## TASK DIRECTIONS
Beginning with the line that contains "Zdjęcia - Podravka Ryż do sushi 200 g", retype the entries below exactly, ending with the line that contains "Naturathオフィシャルサイト - 手軽に栄養補給やリフレッシュできる". Leave out any pictures.

## DATA
-- -- --
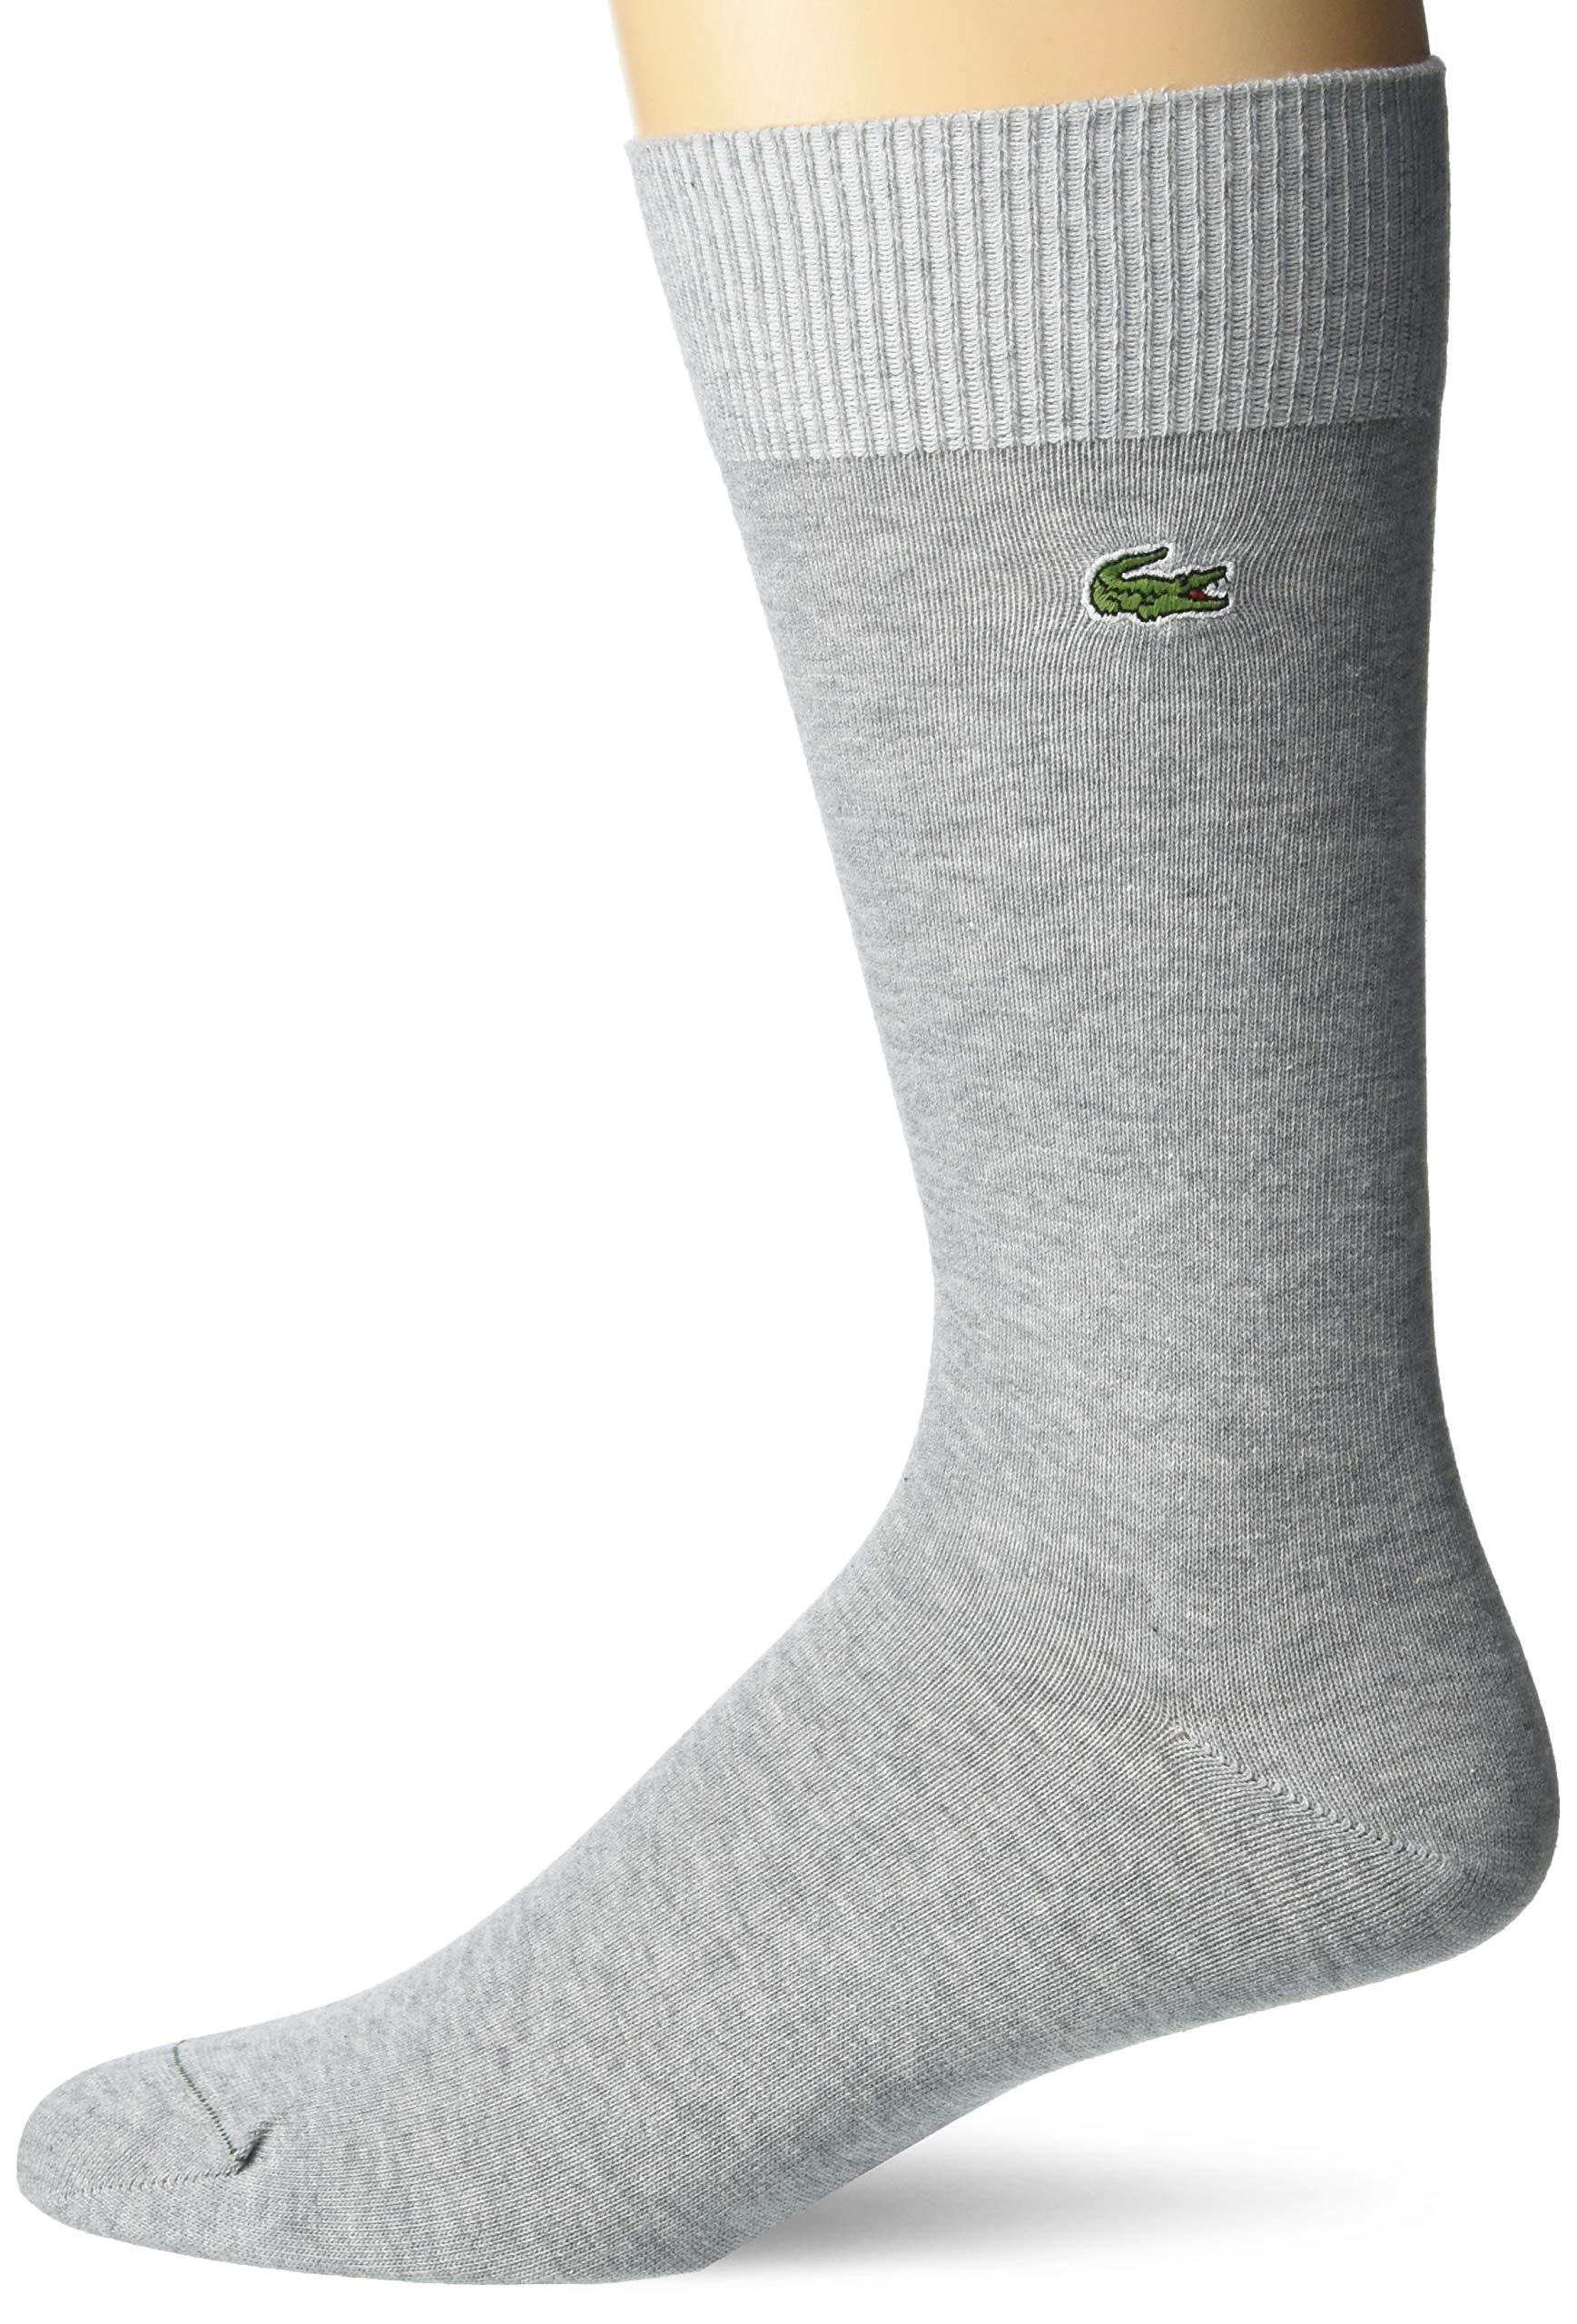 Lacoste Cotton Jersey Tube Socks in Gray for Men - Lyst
-- -- --
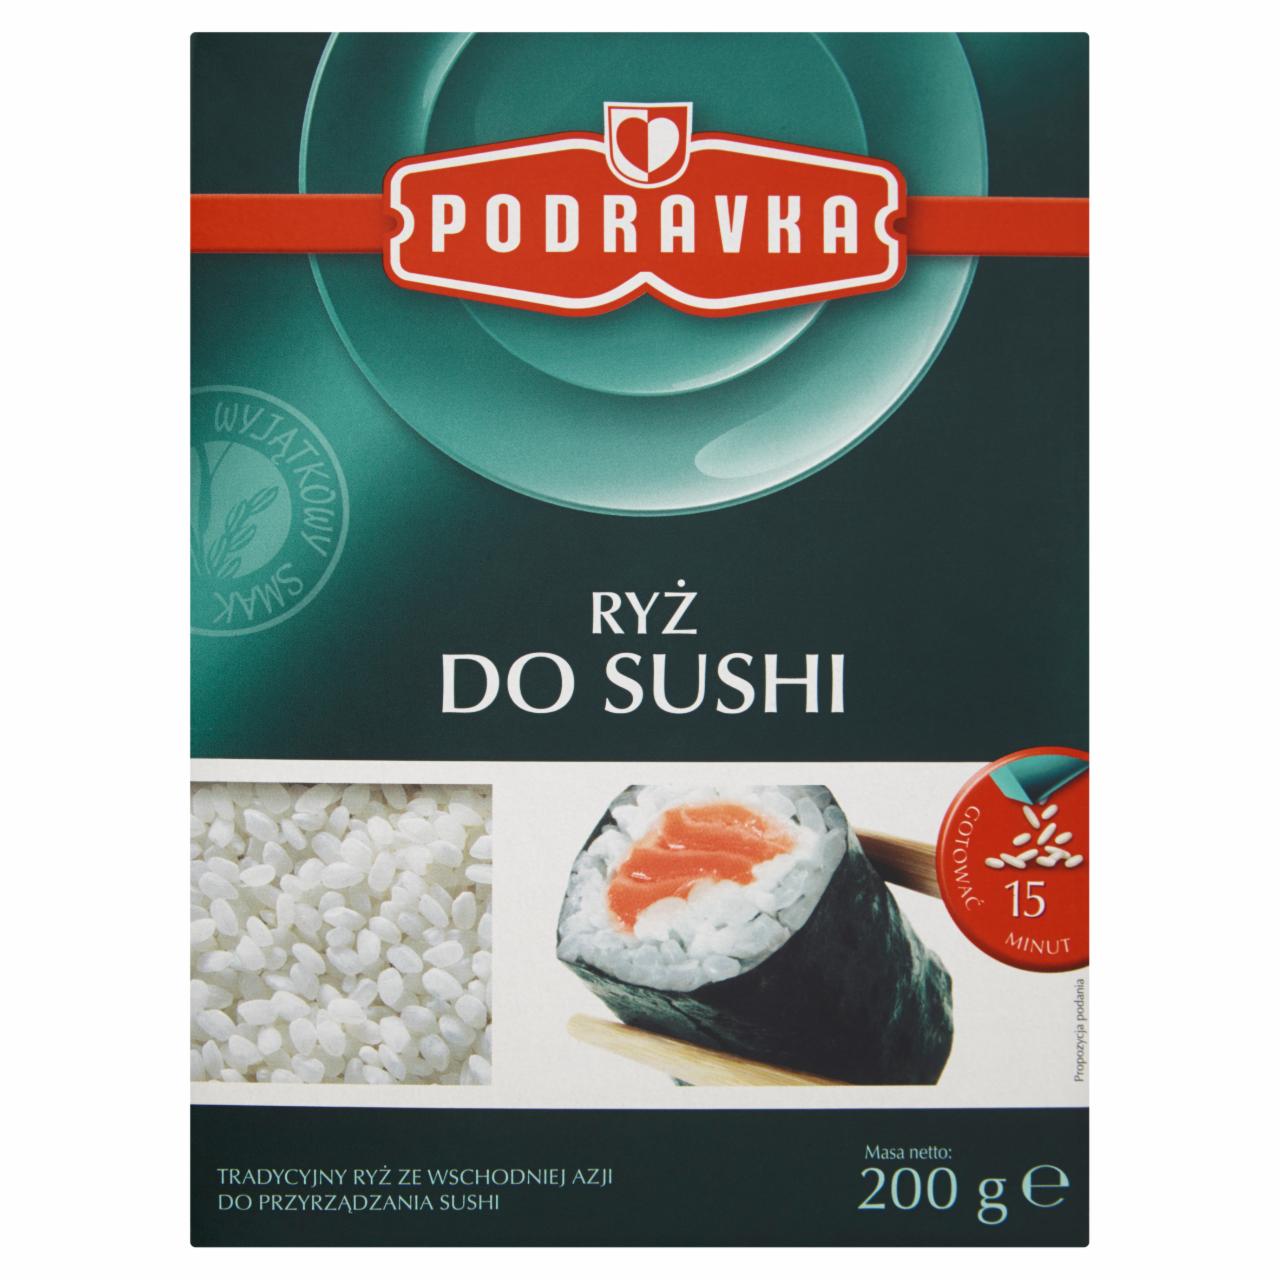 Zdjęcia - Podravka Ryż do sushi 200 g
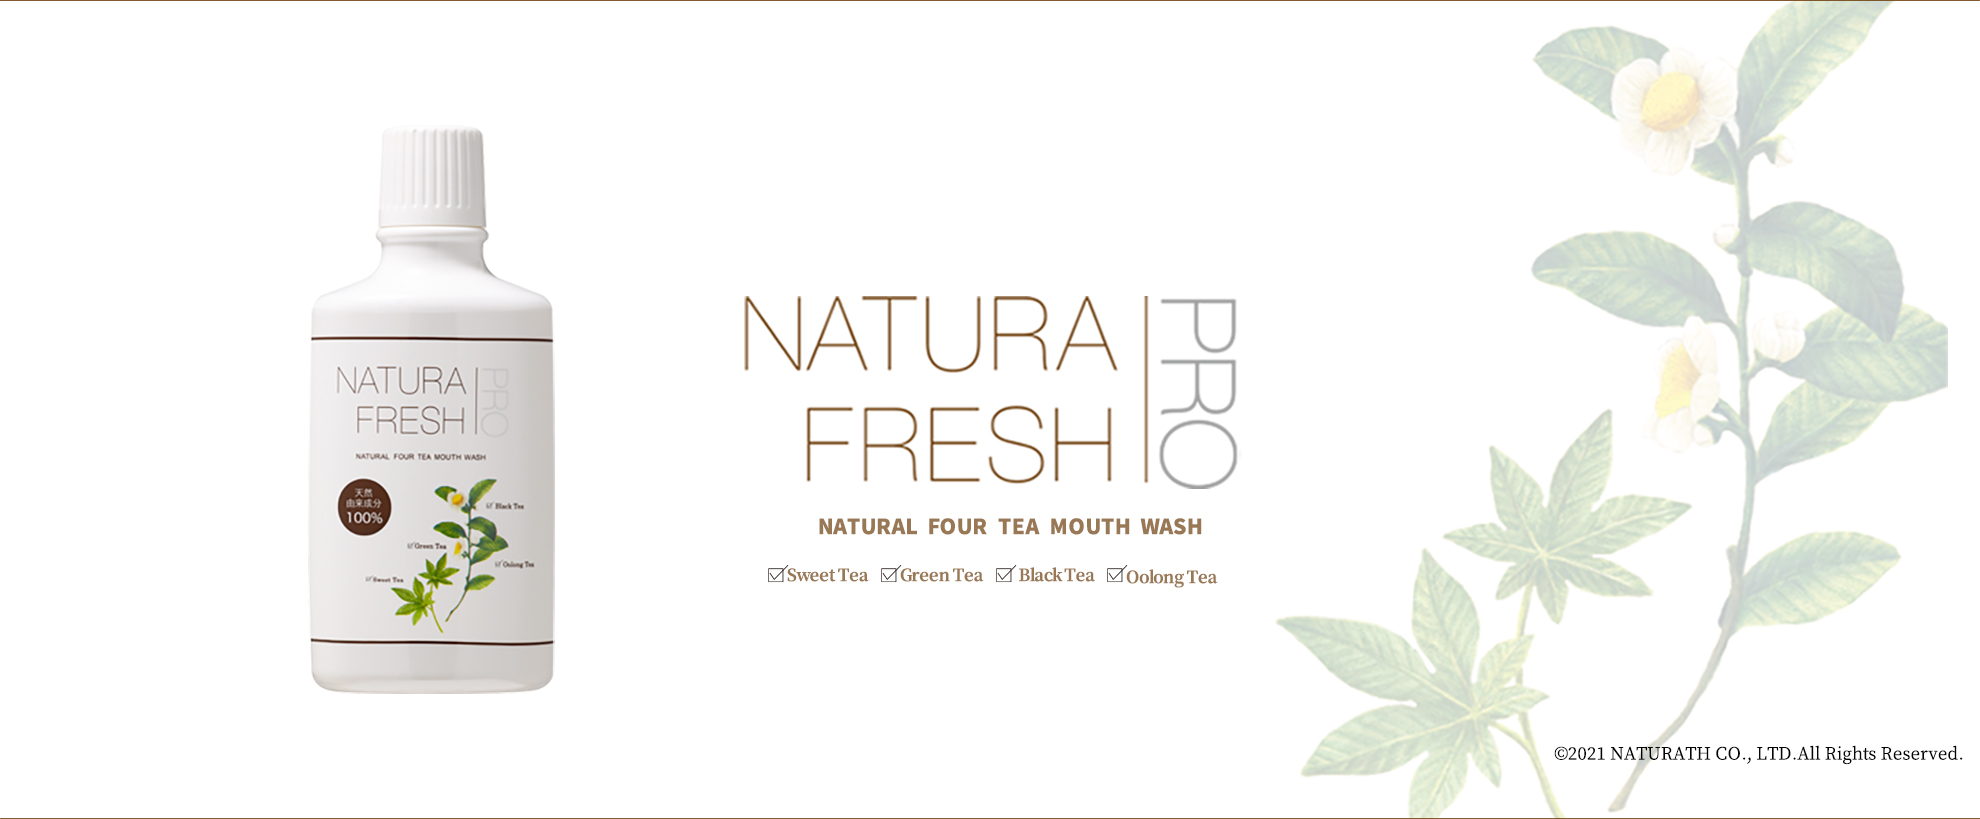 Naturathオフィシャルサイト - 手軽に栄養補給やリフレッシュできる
-- -- --
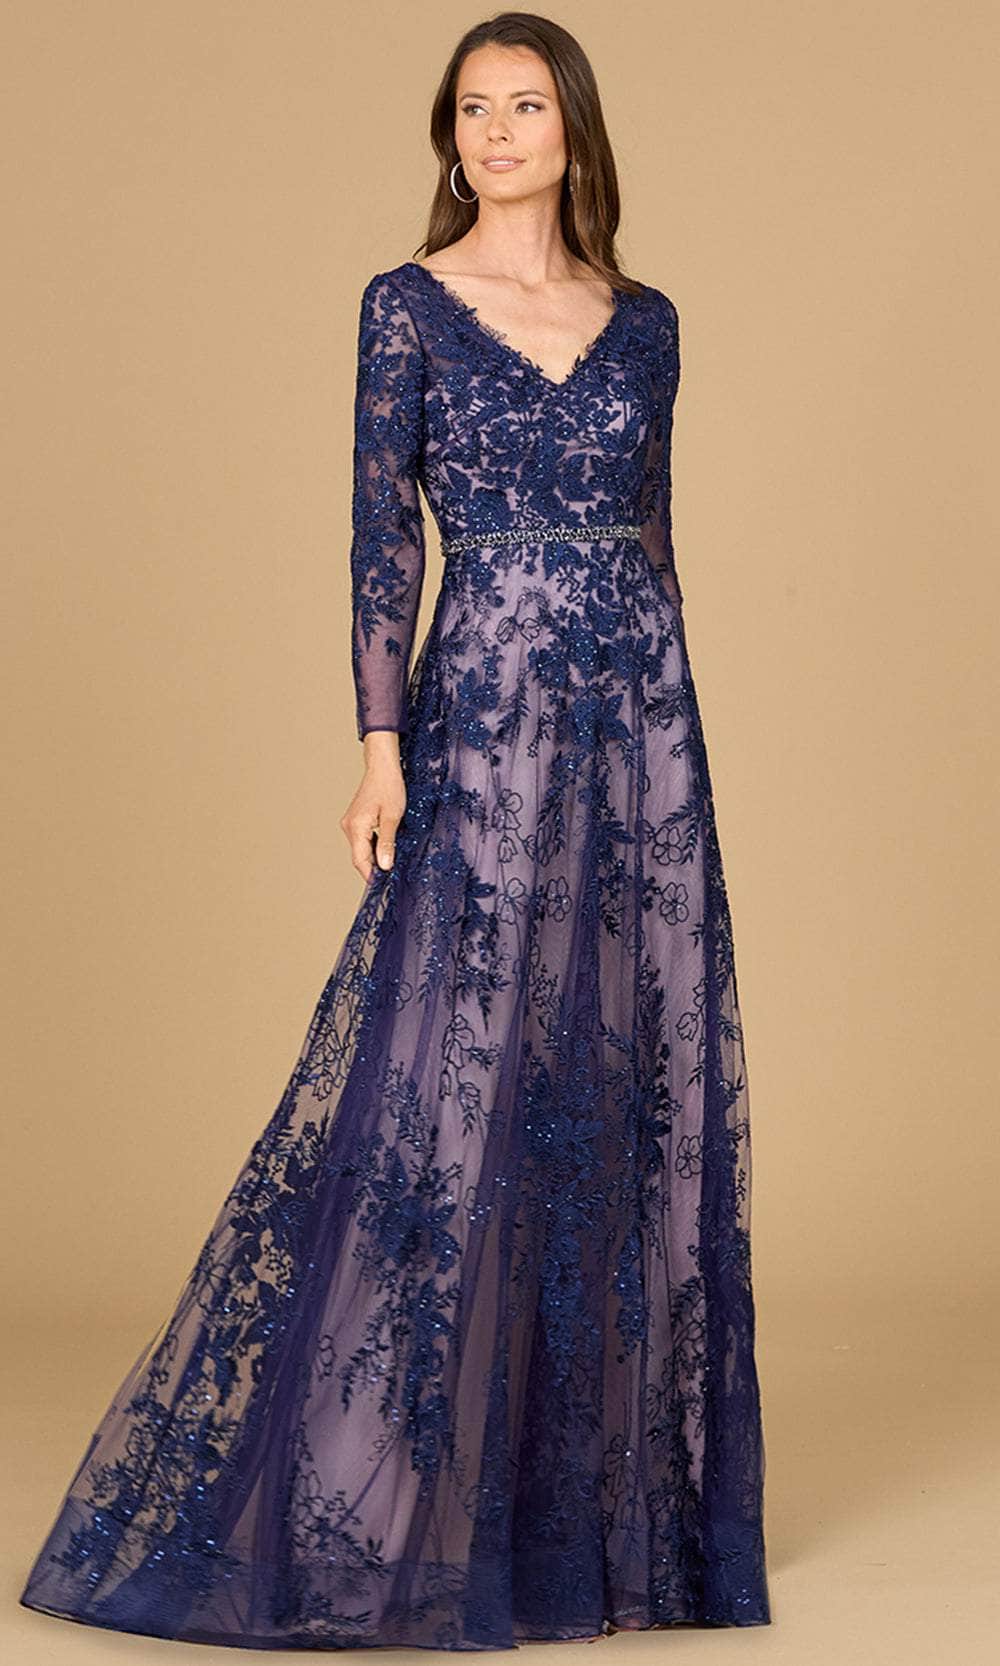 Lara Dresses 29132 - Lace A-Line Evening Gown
-- -- --
## ANSWER FOR THIS EXERCISE
 Zdjęcia - Podravka Ryż do sushi 200 g
 Naturathオフィシャルサイト - 手軽に栄養補給やリフレッシュできる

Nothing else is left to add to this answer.